Influence of elevated temperature exposure on the interfacial shear strength capacity of binary blended high strength self-compacting geopolymer concrete

Abstract

The development of sustainable infrastructure is a serious issue faced by modern society. Portland cement is one of the common ingredients in concrete, which influences construction activities. The major issue with the employment of cement in civil-based works is that it is responsible for carbon dioxide emission (CO2-e), the primary greenhouse gas responsible for global warming. Alternative to cement-based concrete, geopolymer concrete (GPC) employs zero cement for concrete production, leading to a reduction in CO2-e. In the case of mass concreting, interface/joints are developed, which are found to be the possible failure spots of brittle fracture. Concrete with different grades (strength) may interface, or other building materials, such as reinforcing materials. The interfacial bond strength has to be examined to ensure the homogeneity of the composite structures. The employment of shear ties at the interface ensures homogeneous behaviour. Moreover, a higher number of shear ties in the shear zone increases the cost of production. The interfacial shear strength (ISS) parameters will be miserably damaged in the concrete structures subjected to fire accidents, which might depend on the intensity of temperature exposure and its duration.

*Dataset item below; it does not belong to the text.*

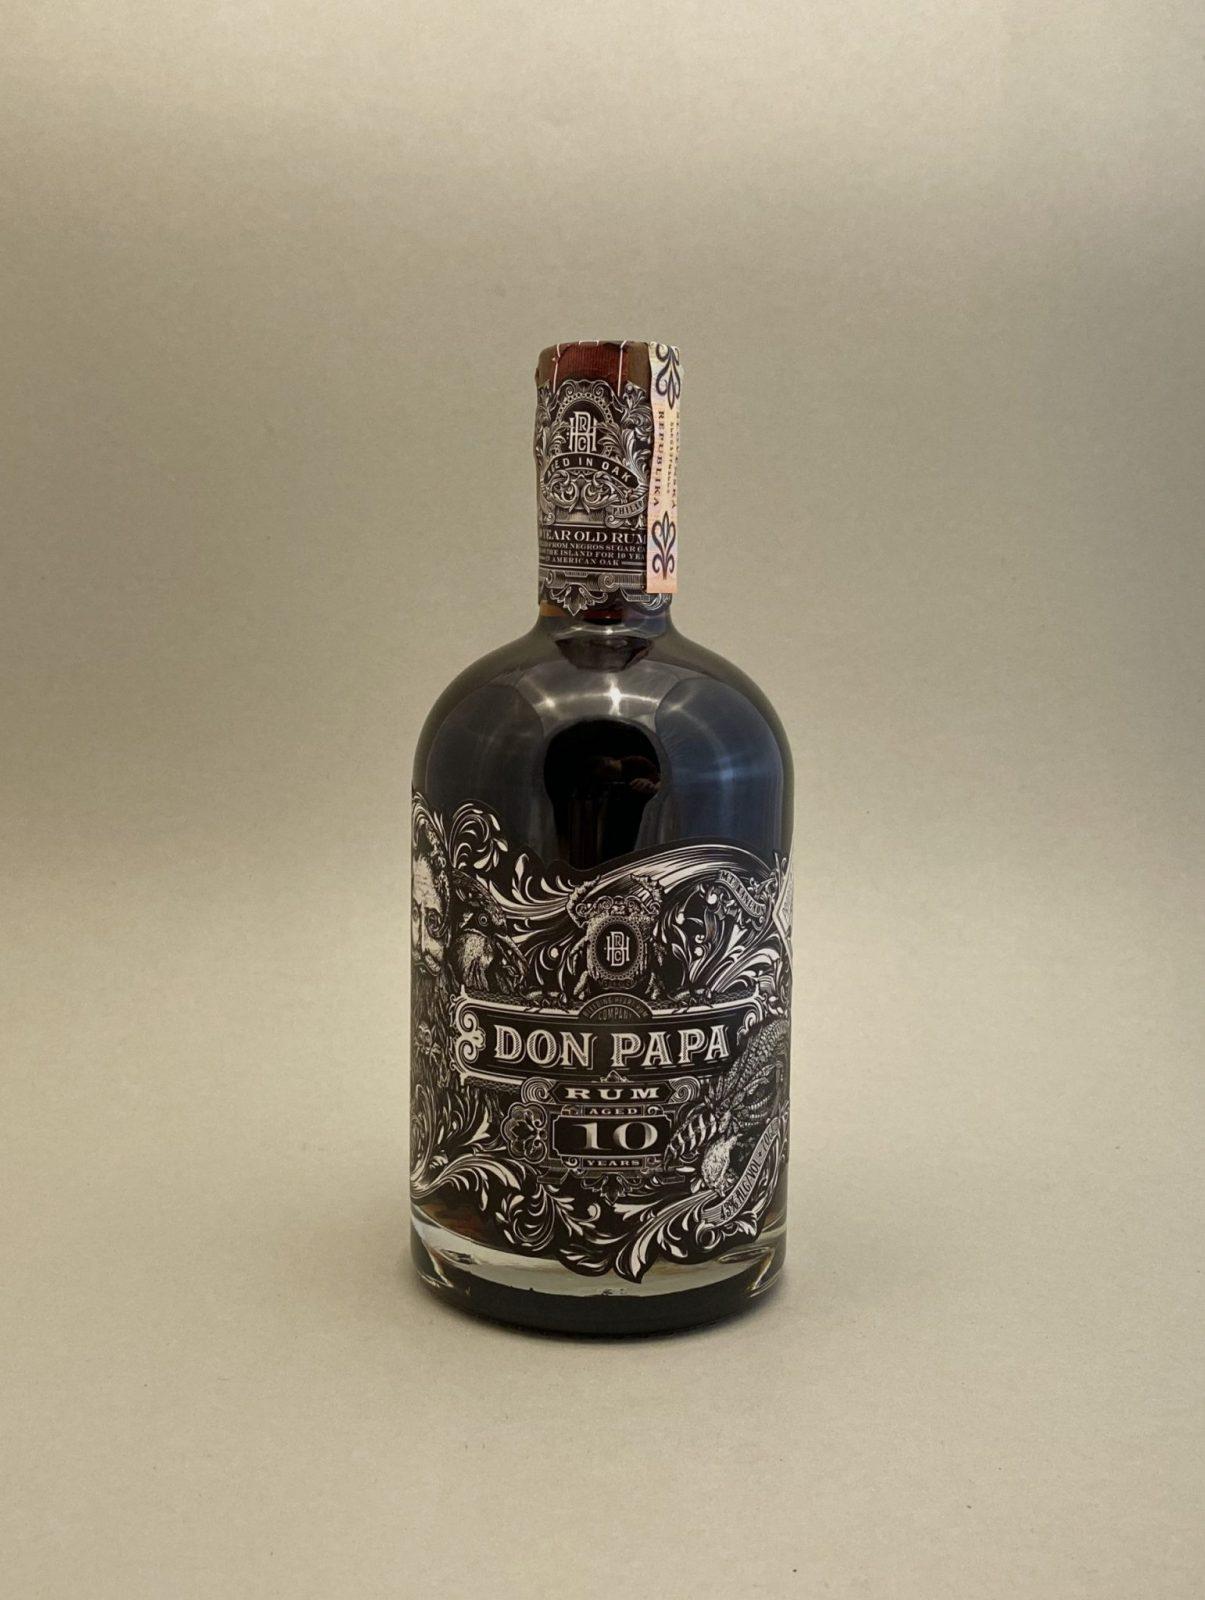 Don Papa 10YO 43%, Bottleshop Sunny wines slnecnice mesto, petrzalka, rum, rumy, rozvoz alkoholu, eshop
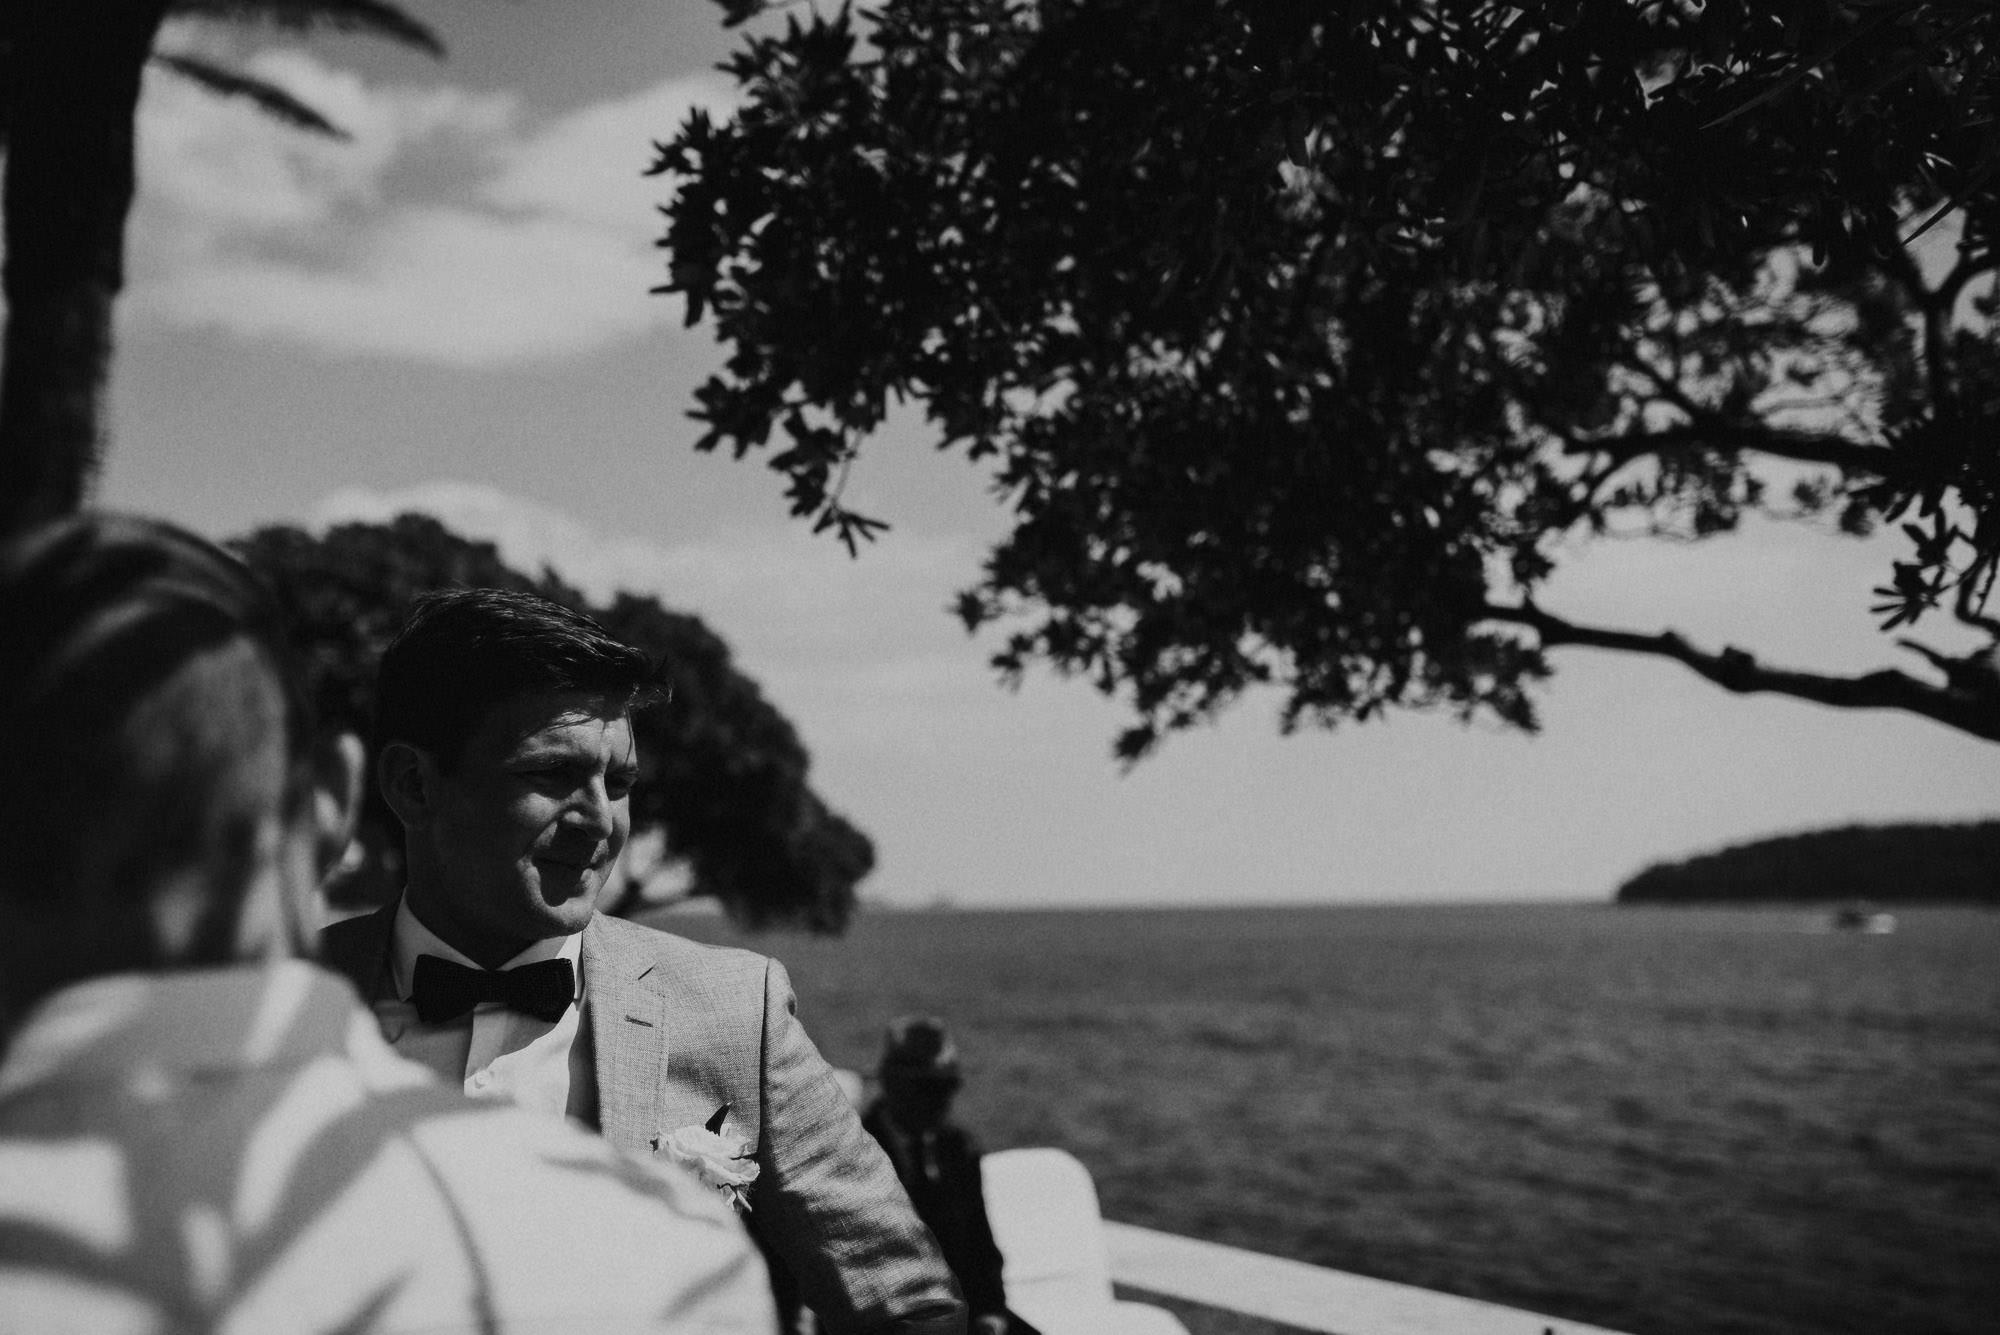 dubrovnik_croatia_wedding_photographer-jere_satamo-destination_weddings-039-web.jpg

The current study investigates the ISS of the High Strength Self-compacting geopolymer concrete (HSGC) in the interface of push-off samples. SCGC was made using binary blended composites, which comprised Fly Ash (FA), Metakaolin (MK), and Ground Granulated Blast Furnace Slag (GGBFS) as precursor materials. The work highlights the need to comprehend the reduction in shear strength of SCGC subjected to high temperatures. The fresh properties of the SCGC composites strictly adhered to the EFNARC guidelines. The SCGC composites, after their curing period, were exposed to 821 ℃, 925 ℃, 986 ℃, and 1029 ℃ following ISO 834 guidelines. Residual mechanical properties were examined after being cooled to room temperature.